In response to to this letter from three committeemen, Walter Harris, Deputy Commissioner of Operations and Chief Operating Officer of the FDA, replied 4 months later. He could not point to any specific statutory authority allowing his agency to make a change. He admitted the the agency was responding to a petition submitted by Public Citizen– a left-leaning public advocacy group founded by Ralph Nader, and Mr. Harris also admitted that the FDA’s chief counsel and other FDA officials met with a representative from the American Association for Justice, the trial lawyers’ lobbying and advocacy organization– an organization that has lined the pocketbooks of Democratic organizations and lawmakers with millions of dollars:
Generic drug companies argue that the rule exposes them to expensive lawsuits; would increase costs for an industry that has helped American consumers save billions of dollars: and create confusion because generic companies making the same drug might have different warning labels. This proposal has also been opposed by the manufacurers of these drugs for fear of the confusion this new labelling regime would impose on doctors, nurses and other health care professionals. It also would be a boon to trial lawyers looking for more opportunities to sue the deep pockets of the manufacturers of these drugs by taking advantage of this new opportunity for expensive lawsuits.
Furthermore, the generic drug industry contends that generic companies do not have years of clinical data obtained through drug development and patent ownership, and that new warnings by any single generic producer would be based on sparse patient information. Only the FDA has access to the full range of data — from the brand-name producer, generic producers and other sources.

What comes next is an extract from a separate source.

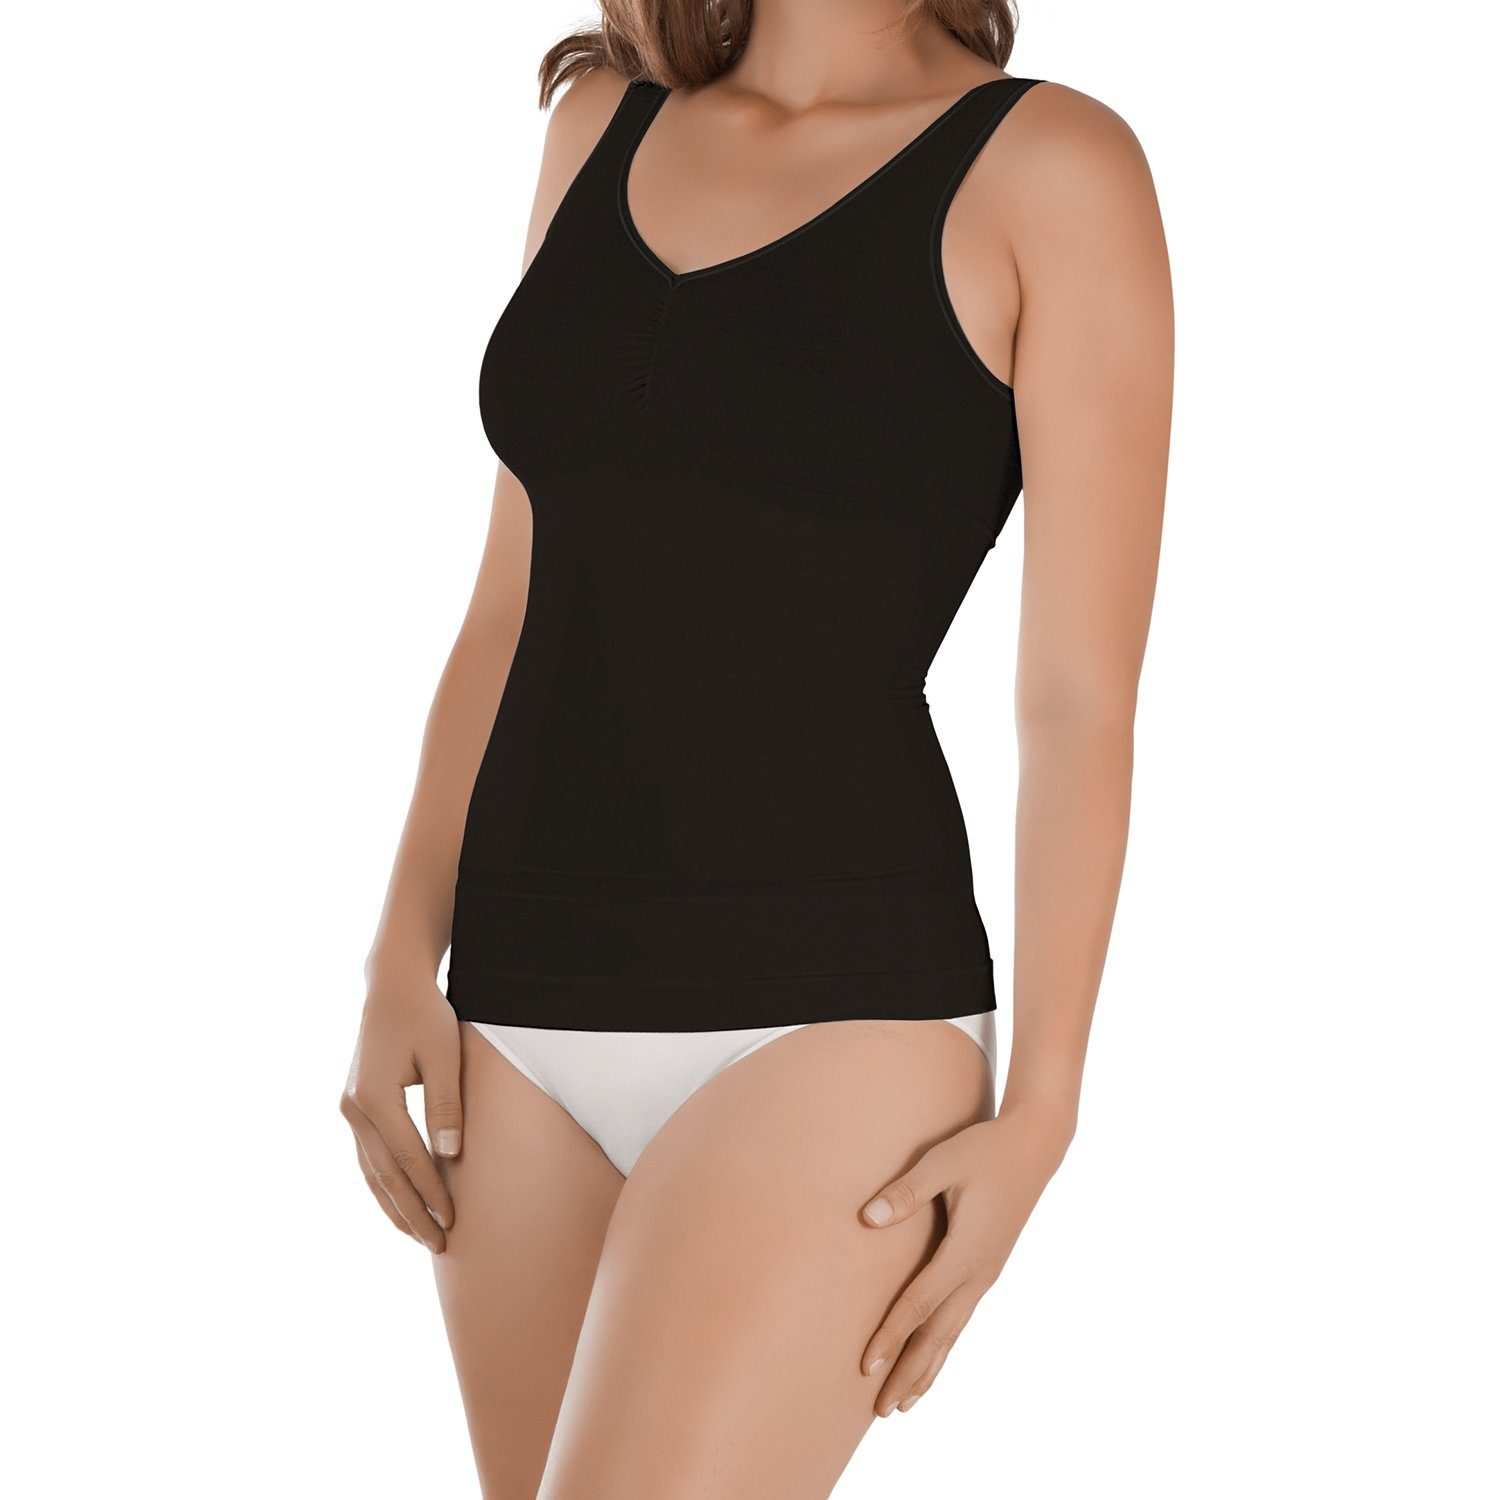 celodoro Unterhemd Damen Form-Top - Seamless Unterhemd mit Shaping-Effekt Schwarz

Ralph G. Neas, former president of the Generic Pharmaceutical Association said the industry’s proposal to make the FDA responsible would significantly speed up labeling changes but went further to say:
To delegate decision-making to a manufacturer who does not have all the relevant scientific information would not be responsible and could have harmful consequences…If you do something inconsistent with Hatch-Waxman, we will go to court because you will be exceeding your legal authority.
Although the FDA has not been granted the power from Congress to propose a new law in this manner, the FDA’s believes they have the unilateral authority to make laws. The executive branch does not have the power to pass a new law, or promulgate a regulation, without the consent of Congress. But rule of law, as multiple state lawsuits have shown, will not stop the administration in creating new laws. In addition to this being a potential violation of the Separation of Powers between the executive and the legislative branch of the federal government, legislative actions by unelected bureaucrats is a dangerous practice.
The bottom line shouldn’t be measured in dollars, yet it seems that even when it comes to patient safety, which has been protected by existing laws and subsequent Supreme Court rulings over many decades, the FDA is not immune to political influence. Yet, in the words of the FDA and congressional oversight committee, the true bottom line is found in the answer to this question: where does the FDA have the authority to usurp the law of the United States? That answer is the antidote to the disease of big government.